Apart from that, your document has a bunch of issues, like:

- Usage of weasel words - "generally considered", "goes a long way towards".

- Blames the reader (the policy maker) - the whole "foreign mechanics"
reference.

- Easily beaten by counterarguments - "We have the shared source
programme - your students can also study, improve and share our
software freely".

- Structurally too, I find it haphazardly organized. I would suggest
you put it up on a public Wiki somewhere and let us all edit it.

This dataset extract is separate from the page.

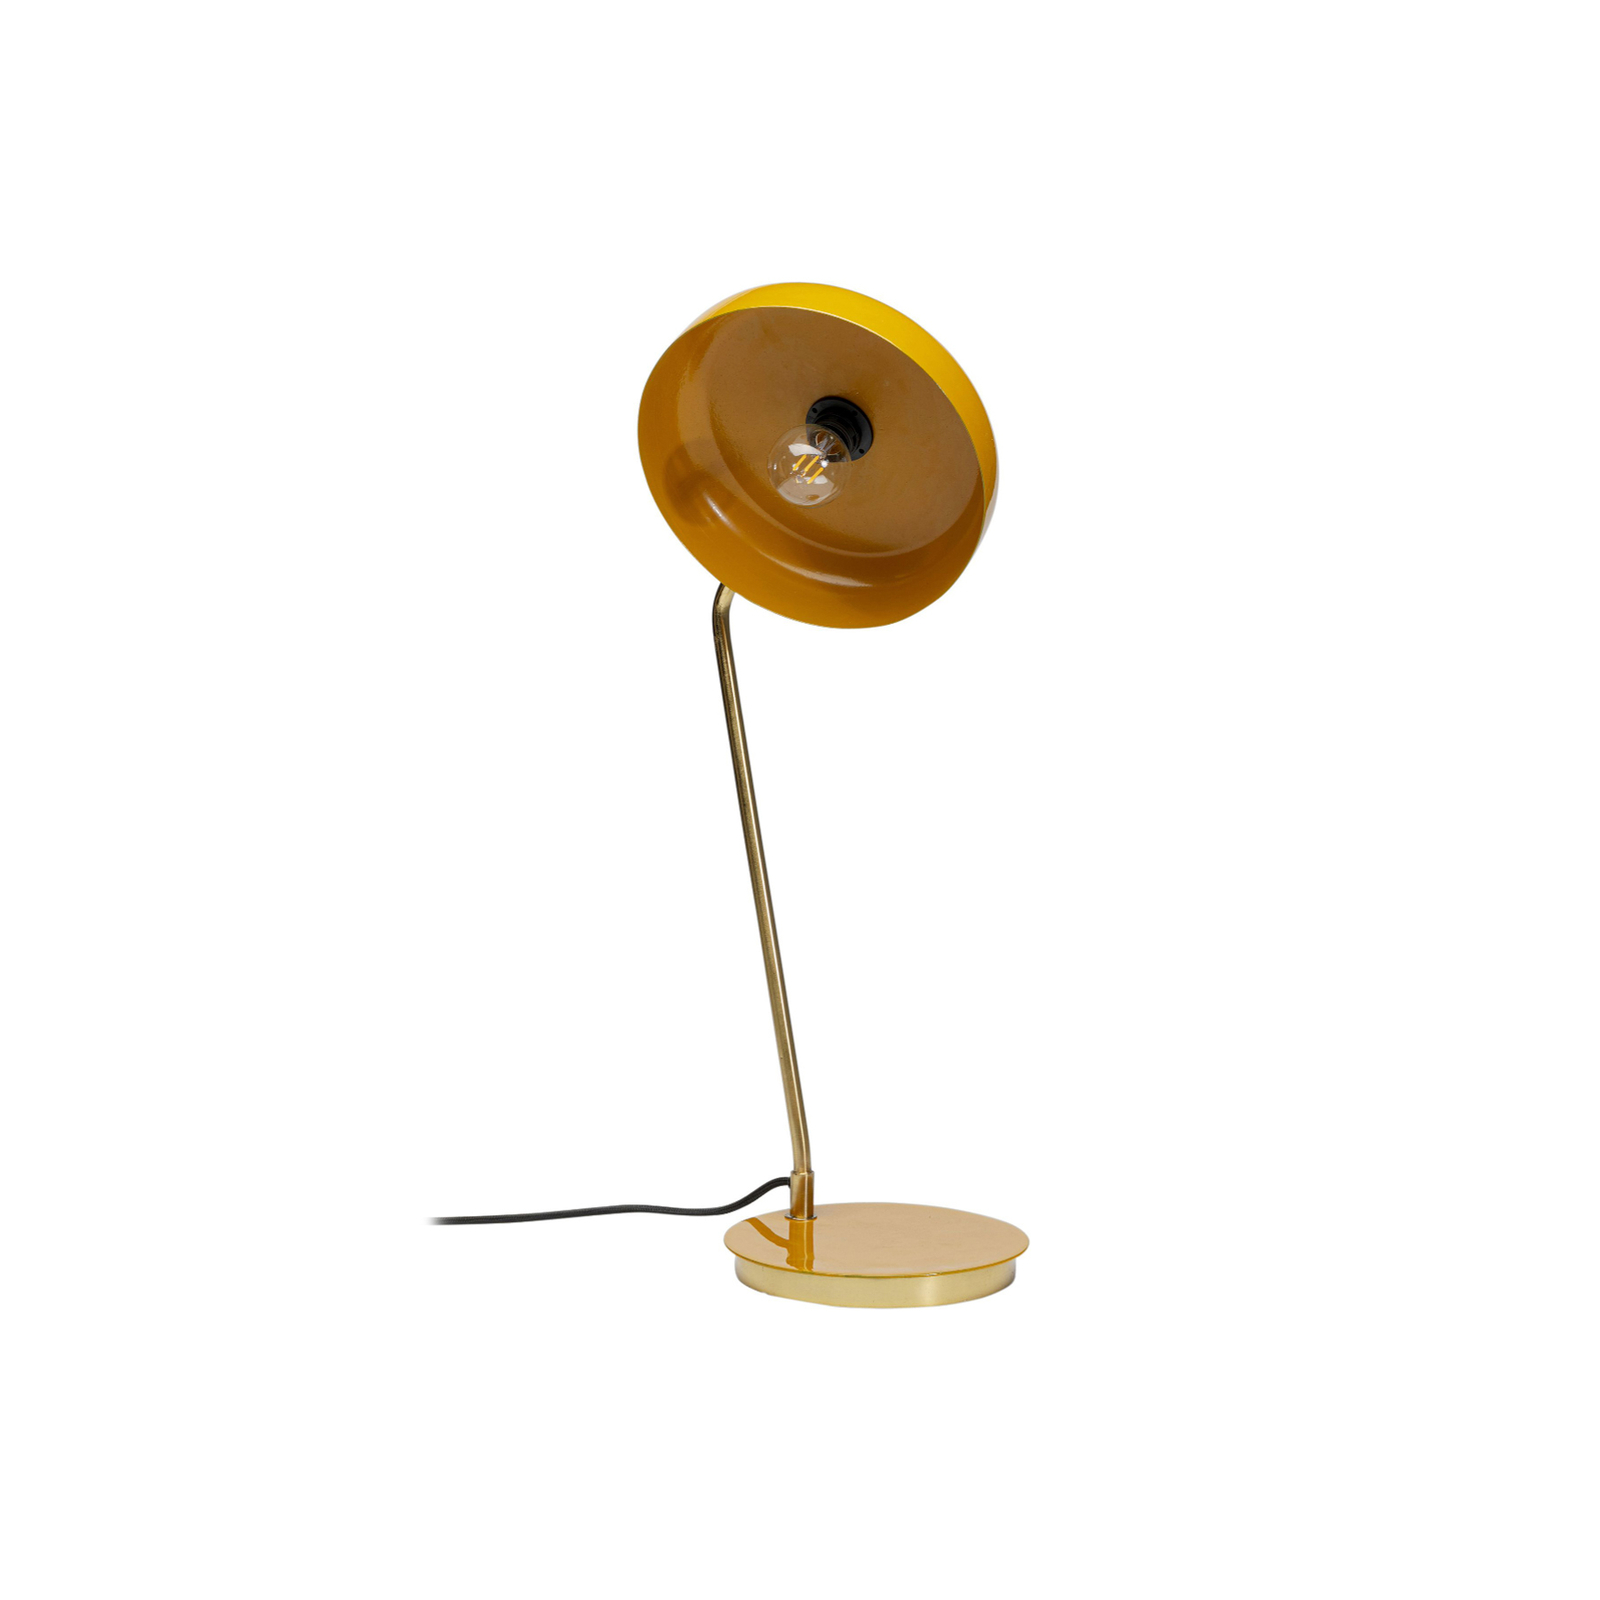 KARE Demi bordlampe, gul, stål, høyde 56 cm

Here is how it could be structured (a framework suggested by a
professor of mine, and one which I find is very effective):

Feature being recommended: "Open source in government and education"
Evidence that the feature is good: "The world uses it and contributes
to it, no vendor lock-in/dependency on American corporates"
Benefits of adopting the feature: "Reduces cost, less chance of
defacing/PR disasters (not strictly true!), helps us compete with the
world".

I don't have the time to do a full rewrite now, maybe over the
weekend. When do you have to submit this?